Utah Code Ann. § 78-14-4(1)(a) (emphasis added).

¶ 27 As recognized by the majority opinion, the first paragraph sets forth two time limitations on bringing suit for medical malpractice: a general two-year statute of limitations (running from the time of discovery), and a four-year repose period (running from the time of the alleged negligence). Subsection (a) is merely one of two exceptions to the foregoing. Although the majority found the words “except that” unclear and turned to *1209the “last antecedent” rule of construction for assistance in determining a plausible formulation, such was not necessary under the circumstances.

¶ 28 Relying on the literal wording of the statute, it is clear that paragraph (1) governs, except in situations where subsection (a) is applicable. In other words, a plaintiff who presents a case of malpractice has two years from discovery of the injury or four years after the date of the act to bring the cause of action, whichever comes first — “except that” where the allegation against the health care provider is that a foreign object has been wrongfully left in a patient’s body, the plaintiff has one year after discovery to assert a claim.

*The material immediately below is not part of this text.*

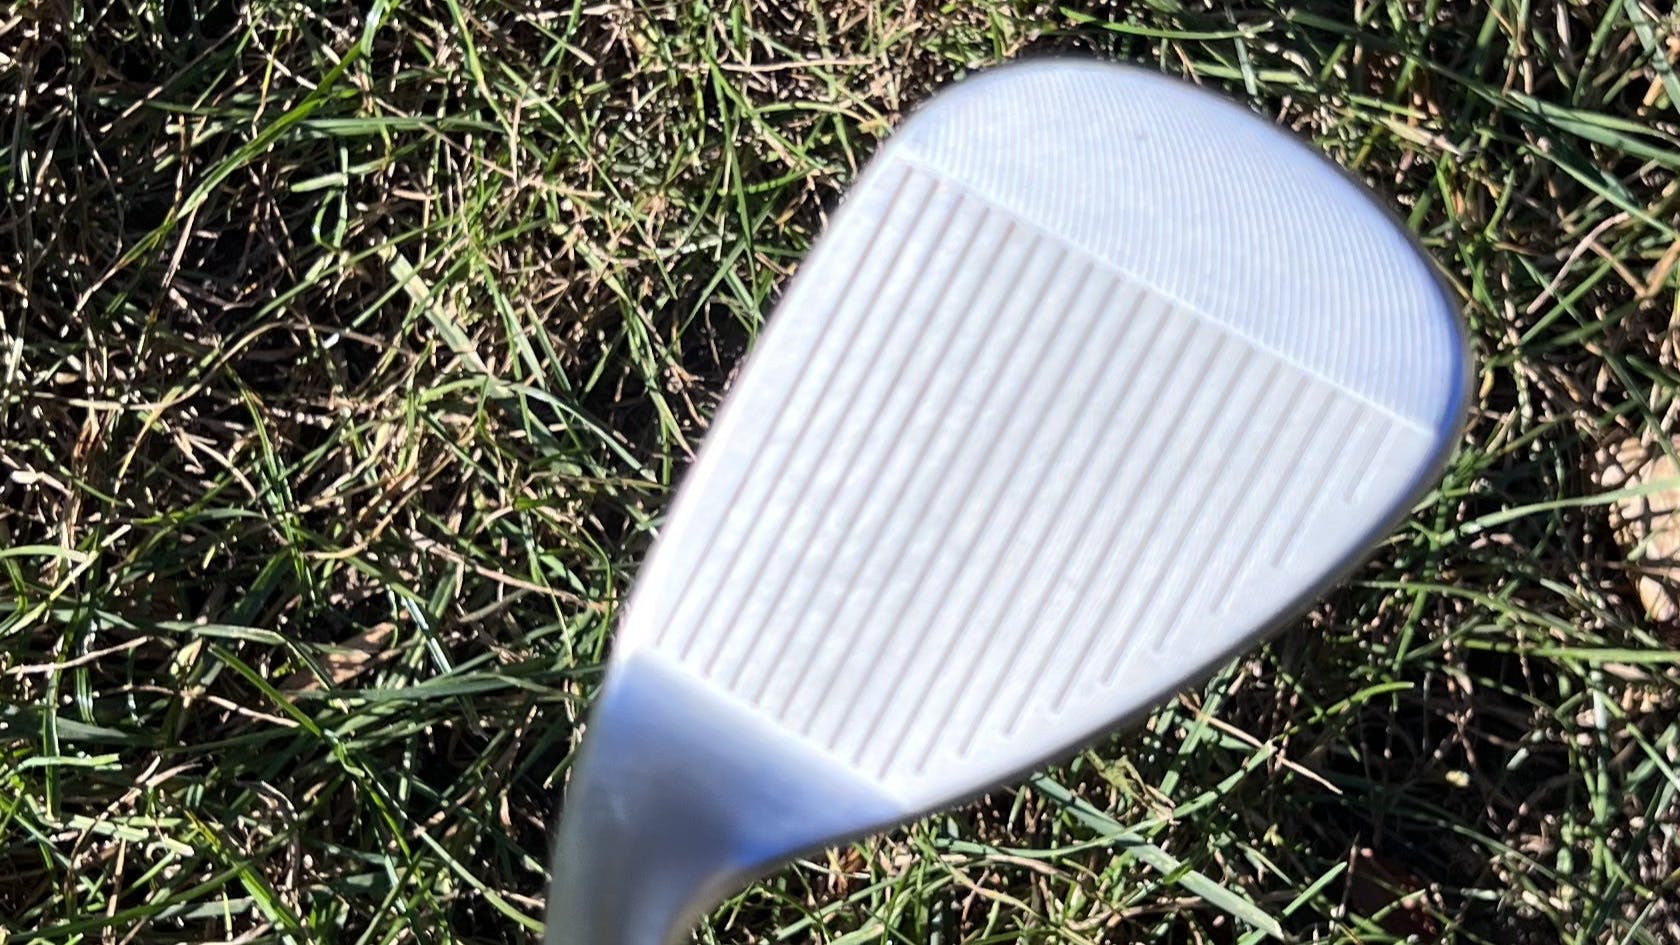 Face of the Cleveland Women's CBX Zipcore Wedge.

¶ 29 The majority concludes that such a rule rewards physicians who are negligent or conceal their wrongful acts by decreasing the amount of time in which a litigant may file an action. However, this is not necessarily true. Indeed, the plaintiff who suffers an injury under subsection (a) may have less than a two-year time frame to bring his or her claim; however, the same plaintiff who does not and could not through reasonable diligence discover the existence of the foreign object could conceivably have an unlimited time in which to assert his or her cause of action under the literal wording of the statute.

¶ 30 Although subsection (b) is not át issue in this case, since it was considered' in the majority opinion, it will be addressed only to note that the same analysis would apply to it as well. Specifically, in an action where it is alleged that a patient has been prevented from discovering misconduct on the part of the health care provider due to fraudulent concealment, the patient would have one year, possibly extending indefinitely, depending upon the particular circumstances of the case, to file his or her action.

¶ 31 While the majority finds that a literal reading of the statute leads to harsh and unreasonable results, the contrary is in fact true. Granted, there will be those litigants who quickly discover their alleged injury and are required, under the statute, to respond within one year of the discovery. However, for many other plaintiffs, the statute’s exceptions will result in a preservation of their claims well beyond the strict two- and four-year limitations.

¶ 32 Regardless of what result would be achieved, Utah law requires that the statute’s plain language be the first source of inquiry in all eases of statutory interpretation. As noted in the dissent by Justice Stewart in In re Young, 361 Utah Adv. Rep. 26, 976 P.2d 581, 1999 WL 23427 (Jan. 22, 1999), this rule “ ‘prevents judges from “finding” an ambiguity in even the most plain language of a constitutional or statutory provision as an excuse to search the legislative history in an attempt to justify an interpretation they prefer.’ ” Id. at 37, 976 P.2d at 598, 1999 WL 23427 (quoting Salt Lake City v. Ohms, 881 P.2d 844, 850 n. 14 (Utah 1994)). There being no textual ambiguity in this case, this is where the analysis must end. Accordingly, I would affirm.

Having disqualified himself, Chief Justice HOWE does not participate herein; District Judge J. DENNIS FREDERICK sat.